If you saw the movie Lincoln, you learned that the 13th Amendment to the Constitution, banning slavery in the United States, was approved by the House of Representatives on Jan. 31, 1865.
Immediately after the U.S. House passed the Thirteenth Amendment on January 31, 1865, Senator Lyman Trumbull telegraphed Governor Richard J. Oglesby of Illinois urging him to ensure that President Lincoln’s home state was the first to ratify the historic proposal. The next day at noon, Governor Oglesby forwarded the news to the state legislature, along with his directive that the Thirteenth Amendment “is just, it is humane” and should be approved “now.” By 4:30 that afternoon, February 1, large majorities in both state chambers had ratified the Thirteenth Amendment.
Illinois was in such a hurry to be first that it began to take action before Lincoln had even signed the amendment, on Feb. 1. The president was appreciative, reading Illinois’s proclamation aloud that very night.
Governor Richard J. Oglesby telegraphed the news to Lincoln at 7:25 that evening, informing him: “[T]he Legislature has by a large majority ratified the amendment to the Constitution. All suppose you had signed the Joint resolution of Congress.

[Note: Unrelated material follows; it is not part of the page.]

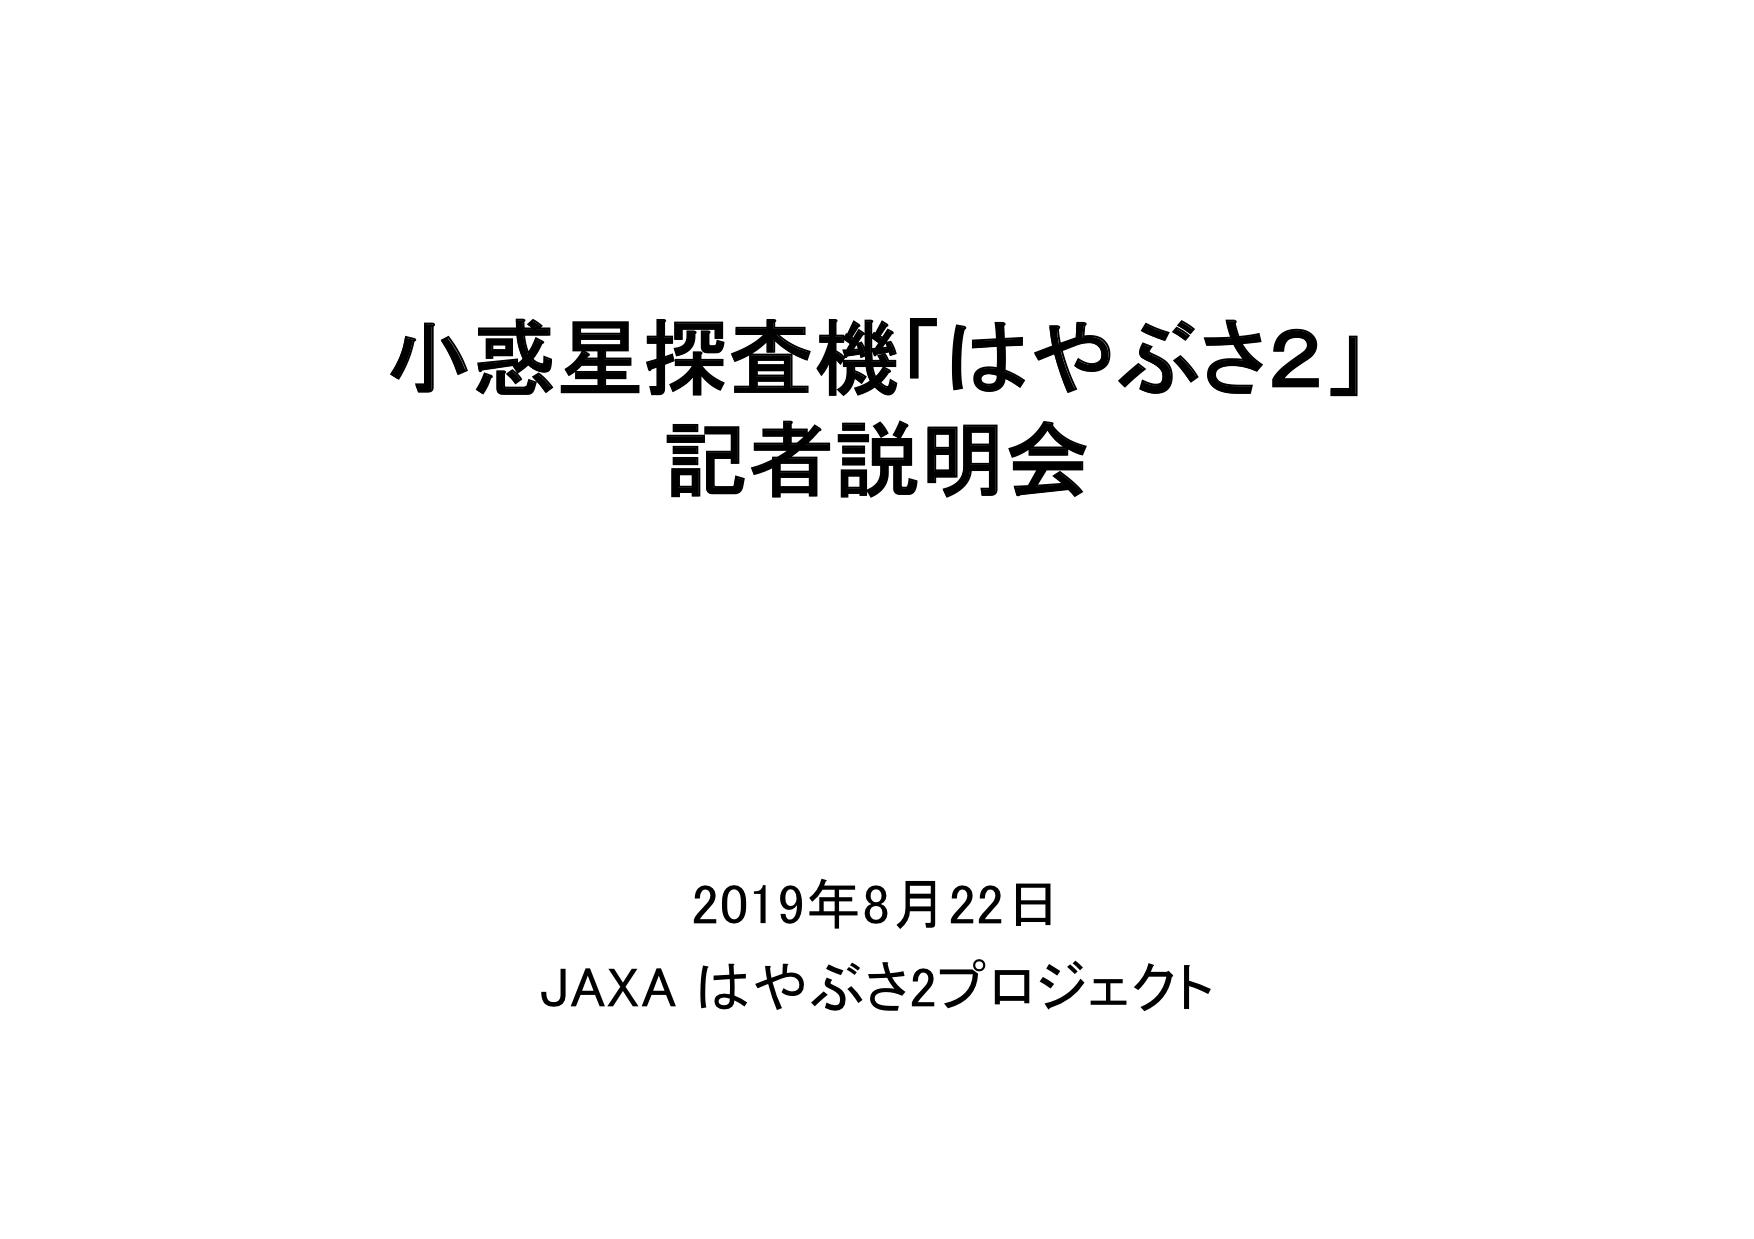 f:id:Imamura:20190822150520p:plain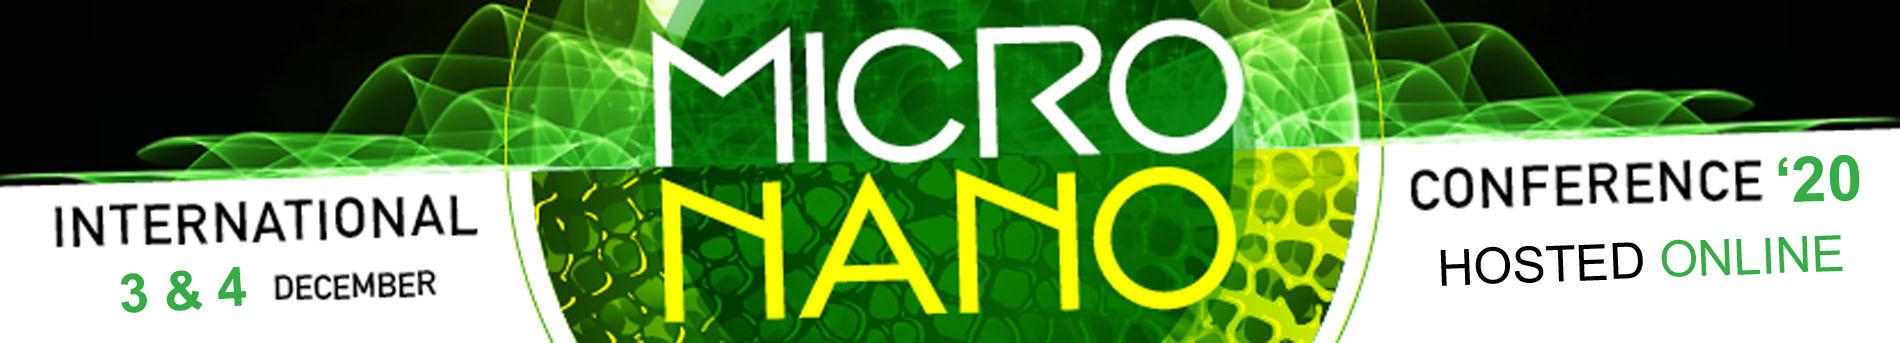 international MicroNanoConference 2020 (iMNC2020)

Great enthusiasm” (Oglesby to Lincoln, February 1, 1865, AL Papers at the Library of Congress). Five minutes later, Ward H. Lamon, the president’s old law partner, and Edward L. Baker, editor of the Illinois State Journal, relayed the same news. The amendment had passed, they exclaimed triumphantly, “with a great hurrah” (Lamon and Baker to Lincoln, February 1, 1865, AL Papers at the Library of Congress).